Он отмечал «своих людей» уже в младших классах. Тот, кто тогда был слаб в морфологии или вообще относился к ней нерадиво, страдал из-за этого до конца школы.
Двое из нашего класса, Йон Зибек и Эдв. аф Энейельм, говорили по-русски, как казаки. Все же по какой-то причине они уже с самого начала стали козлами отпущения. Когда часы показывали пять минут до конца урока, Ясси клал книгу под мышку и спокойно произносил; «А теперь немного морфологии. Энейельм, как будет по-русски «ленивый дворянин»»? Весь класс ухмылялся, хорошо зная, что предстоит.
Энейельм вставал, отвечал и пытался сесть. «Просклоняем», — говорил Ясси. Энейельм склонял слова во всех шести падежах с безнадежной яростью. Теперь он считал себя вправе сесть. «Множественное число! — изрекал Ясси с эпическим спокойствием. — Как это будет во множественном числе?» Теперь уж весь класс хохотал. Энейельм принимал кислый вид, делал протестующий жест и склонял во множественном. «Садись», — командовал Ясси. Для Зидбека у него была какая-нибудь другая морфологическая задача.

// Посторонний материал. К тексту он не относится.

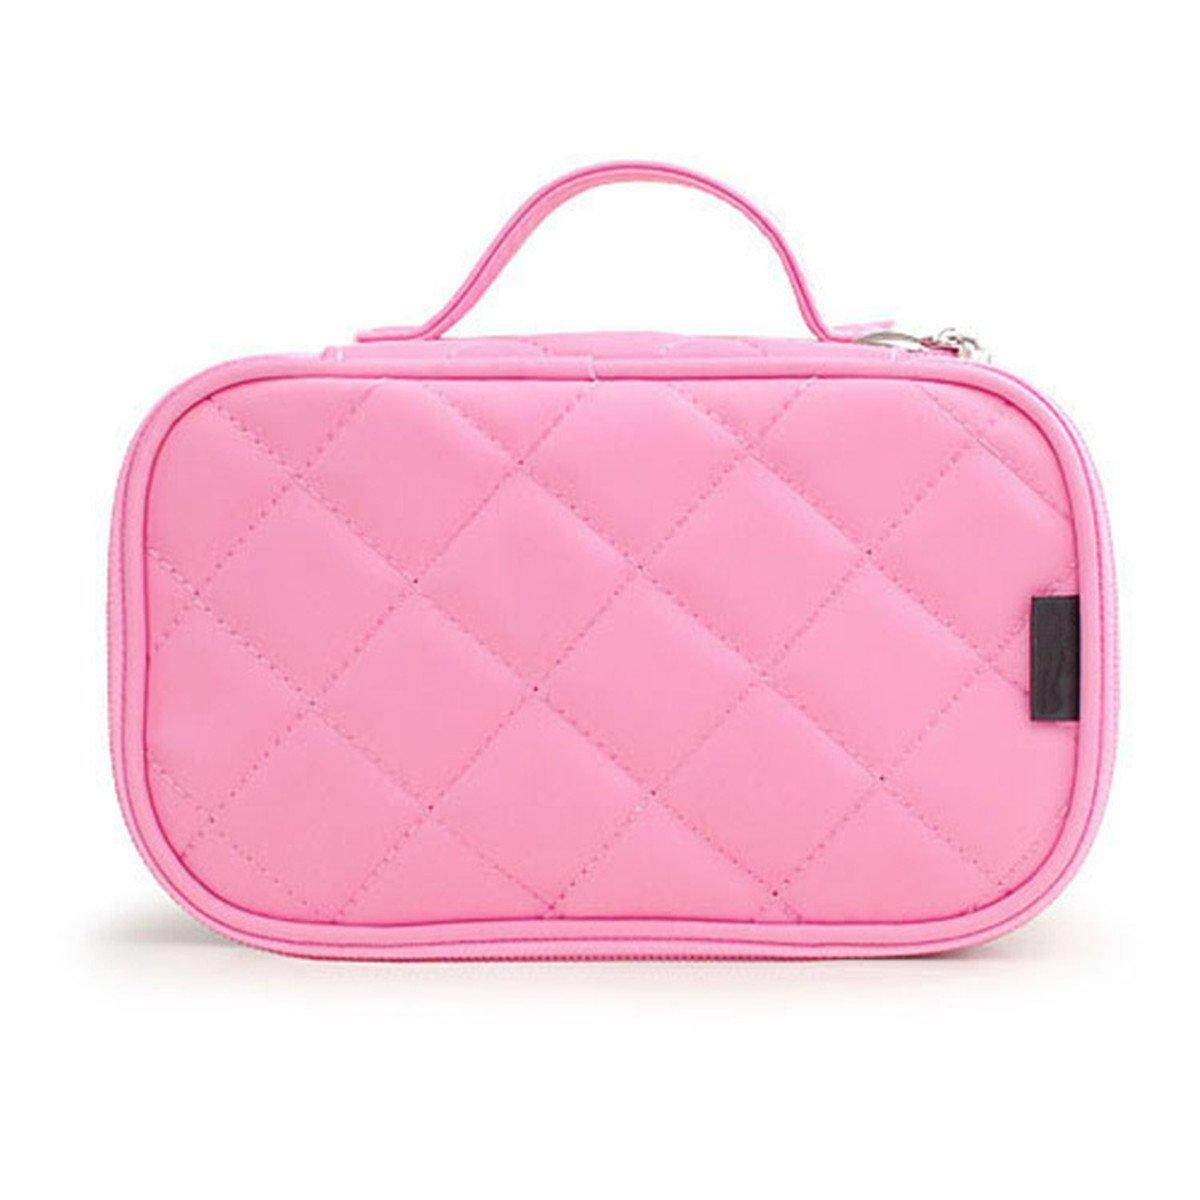 17d4c9c883b6 Honana HN-B63 Large Double Layers Travel Cosmetic Bag Portable Makeup  Organizer Toiletry Storage Bag

Так продолжалось все время обучения, до самого восьмого класса, — с той все-таки разницей, что он с шестого класса прекратил тыкать, обращаясь к нам с тех пор только в третьем лице.

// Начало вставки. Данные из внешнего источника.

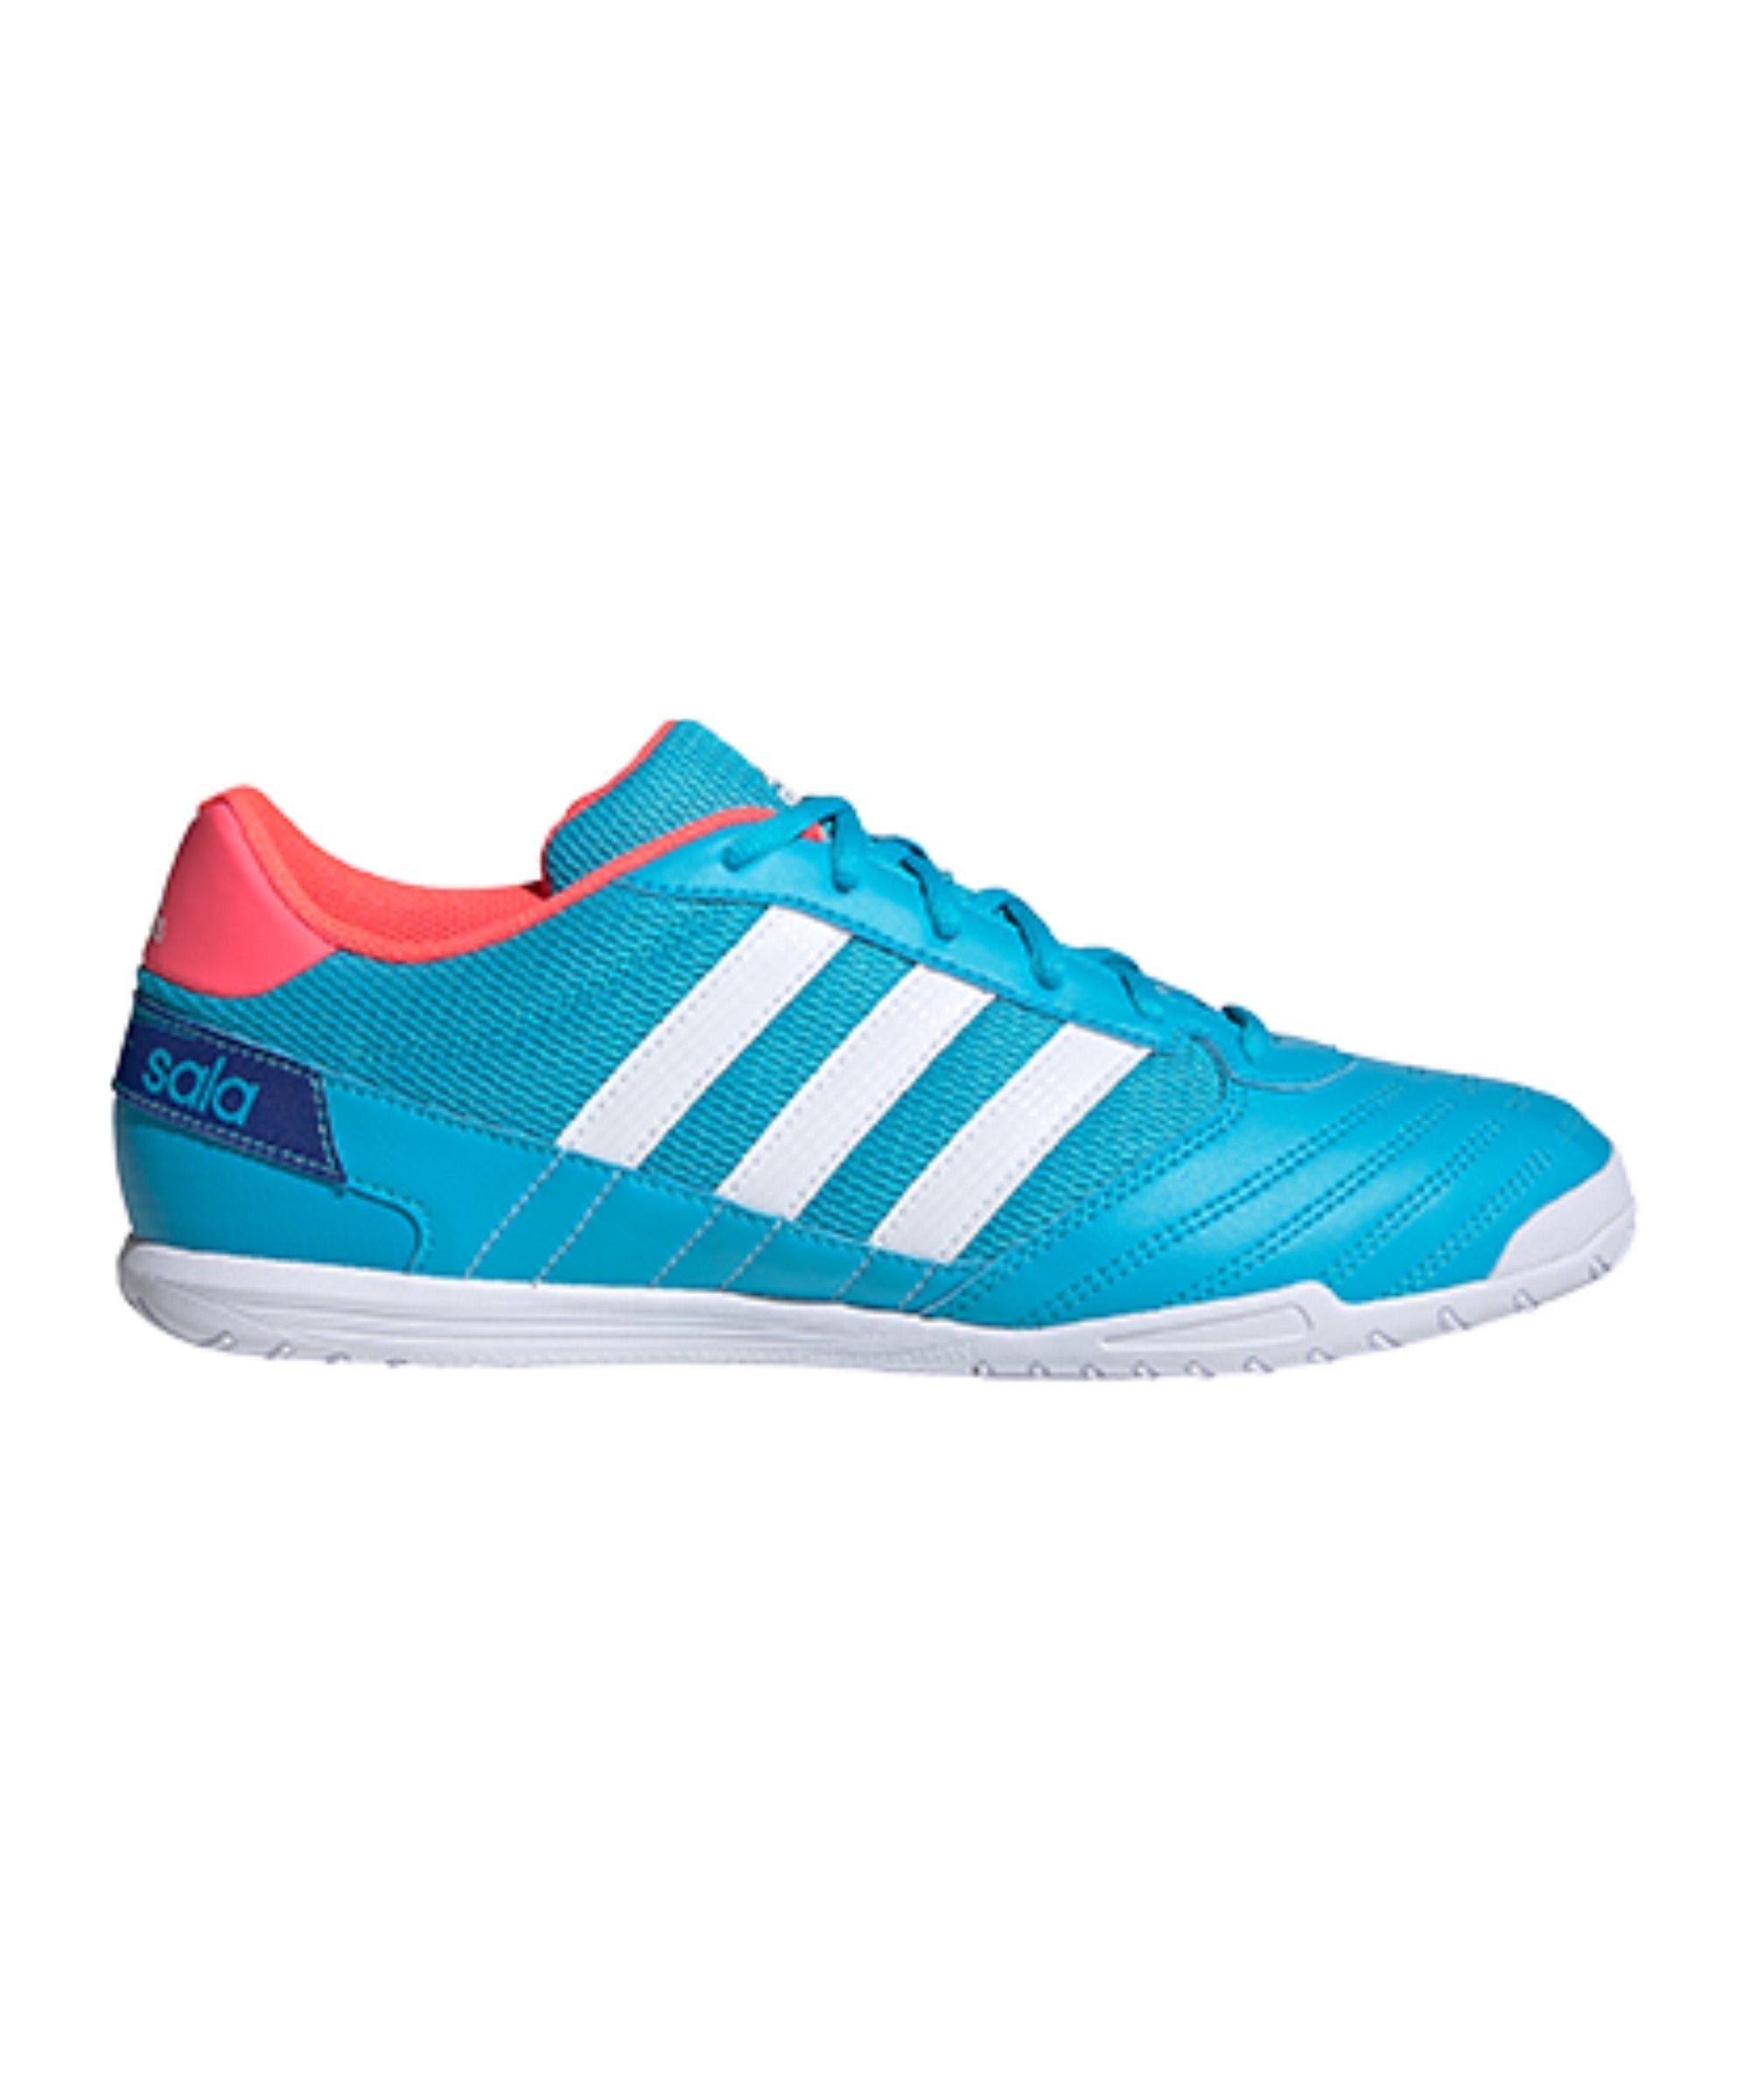 adidas Super Sala IN Halle Blau Pink Weiss - blau

По отношению же к тем, кто в младших классах показывал знания и интерес, он оставался все школьные годы добрым и весьма мягким. У него, как ни у кого другого, следовательно, были любимчики и нелюбимцы. Последним он всегда грозил исключением из школы. «Уходи, уходи! — кричал он, — Иди учиться на сапожника! На портного! Что ты здесь другим мешаешь и учителя мучишь?»
Его голос, на редкость богатый оттенками, мог вырасти с нежнейшего и улыбчивого шепота до громового раската. Гром раздавался, когда кто-ни-будь давал повод для замечаний его постоянному, неусыпному вниманию, обращавшемуся не на одни лишь проступки учеников или мальчишеское озорство, но в гораздо большей степени нй общие свойства характера, особенно на себялюбие и самодовольство.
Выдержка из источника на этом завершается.